Build a U-Net model.

Args:

conv (bool): Whether to use convolutional blocks.

Returns:

tf.keras.Model: U-Net model.

aldernet.utils.cbr(filters, name=None) Sequential[source]

Construct a Convolution-BatchNorm-ReLU block using the Keras Sequential API.

Args:

filters (int): Number of filters in the Conv2D layer. name (str): Optional name for the block.

Returns:

Sequential: A Keras Sequential model representing the CBR block.

aldernet.utils.compile_generator(height, width, weather_features, noise_dim, filters)[source]

Compile a generator model for image-to-image translation using Keras API.

Args:

height (int): Height of the input images. width (int): Width of the input images. weather_features (int): Number of weather features in the weather input. noise_dim (int): Dimensionality of the noise input. filters (List[int]): Number of filters in each layer of the generator.

Returns:

Model: A Keras Model representing the compiled generator model.

aldernet.utils.create_batcher(data, batch_size, add_weather, shuffle)[source]

Create a Batcher object for the given data.

Args:

data (Tuple[Tensor]): A tuple of Tensors representing the input and target data. batch_size (int): Batch size for training. add_weather (bool): Whether to add weather data to the input. shuffle (bool): Whether to shuffle the data during training.

Returns:

Batcher: A Batcher object for the given data.

aldernet.utils.create_optimizer(learning_rate, beta_1, beta_2)[source]
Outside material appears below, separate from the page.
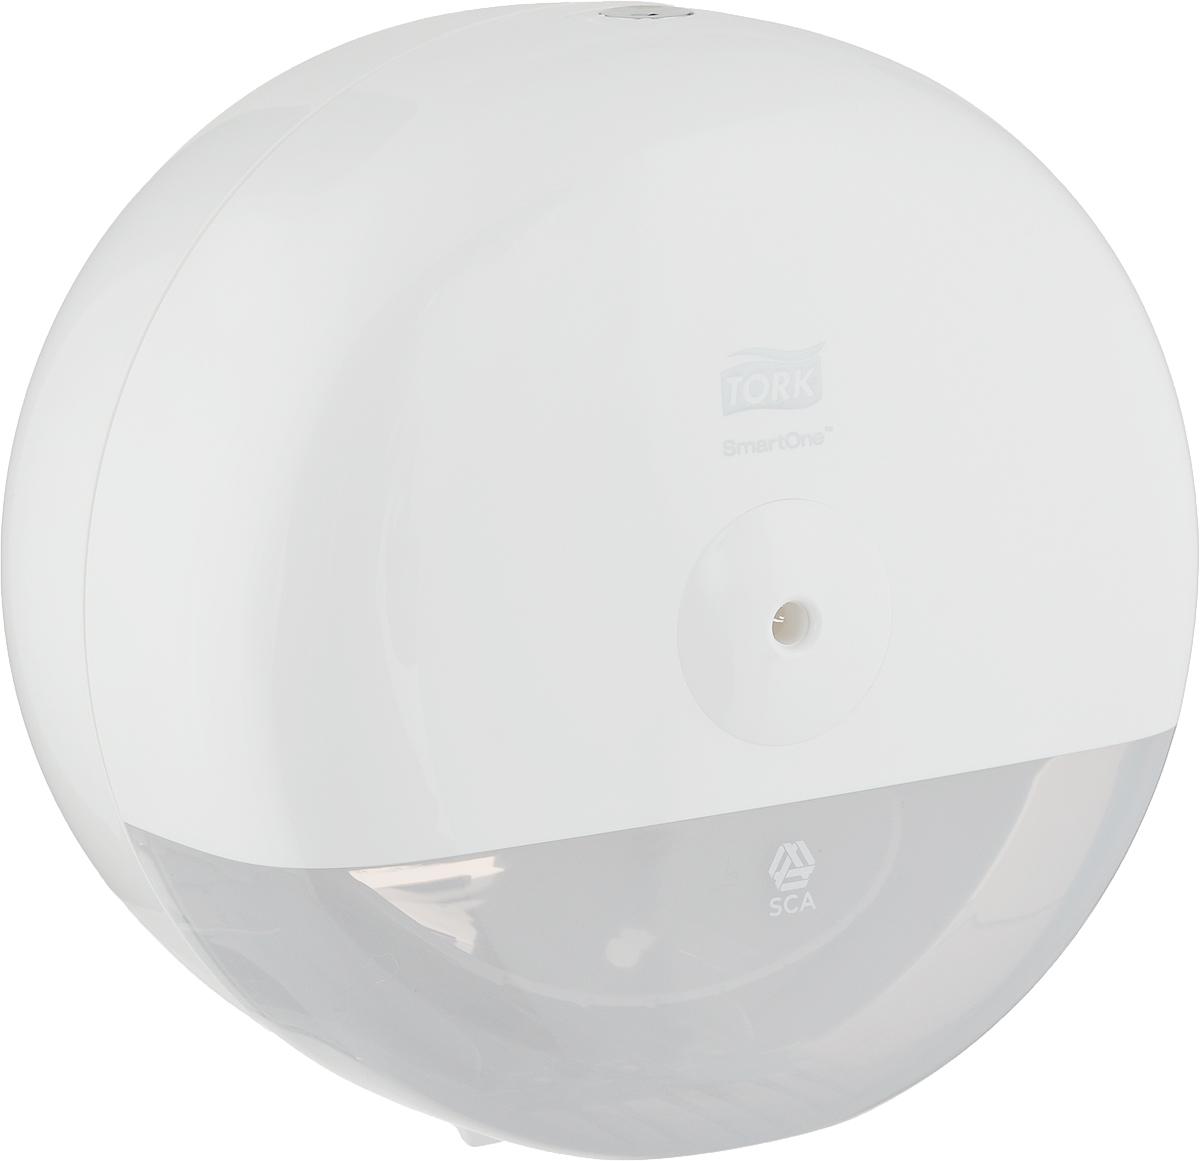 Диспенсер для туалетной бумаги Tork SmartOne, цвет: белый. 681000

Create and returns an Adam optimizer with given hyperparameters.

Args:

learning_rate (float): The learning rate for the optimizer. beta_1 (float): The exponential decay rate for the first moment estimates. beta_2 (float): The exponential decay rate for the second-moment estimates.

Returns:

tf.keras.optimizers.Optimizer: An instance of the Adam optimizer.

aldernet.utils.define_filters(zoom)[source]
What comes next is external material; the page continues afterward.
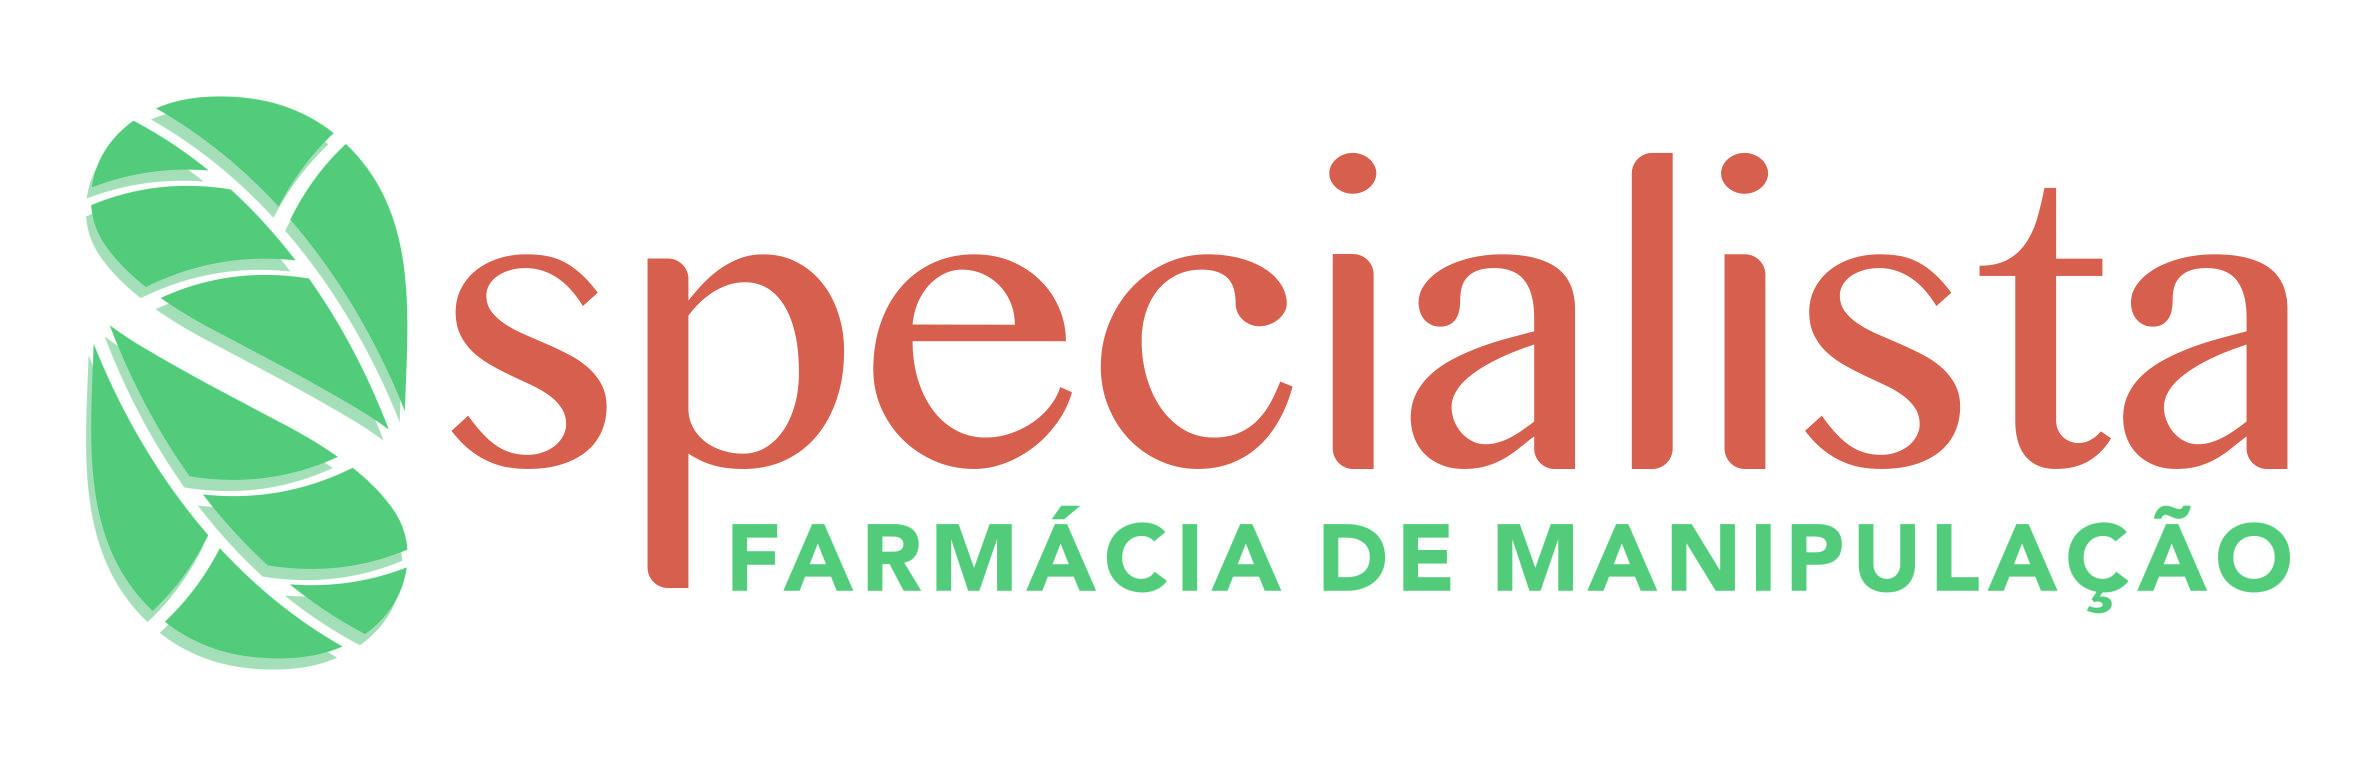 Specialista Farmácia de Manipulação

Define the filters for the generator model based on the specified zoom level.

Args:

zoom (str): The zoom level.

Returns:

list: A list containing the filter values for the generator model.

aldernet.utils.down(filters, name=None) Sequential[source]

Construct a down-sampling block using the Keras Sequential API.

Args:

filters (int): Number of filters in the Conv2D layer. name (str): Optional name for the block.

Returns:

Sequential: A Keras Sequential model representing the down-sampling block.

aldernet.utils.generate_report(df, settings)[source]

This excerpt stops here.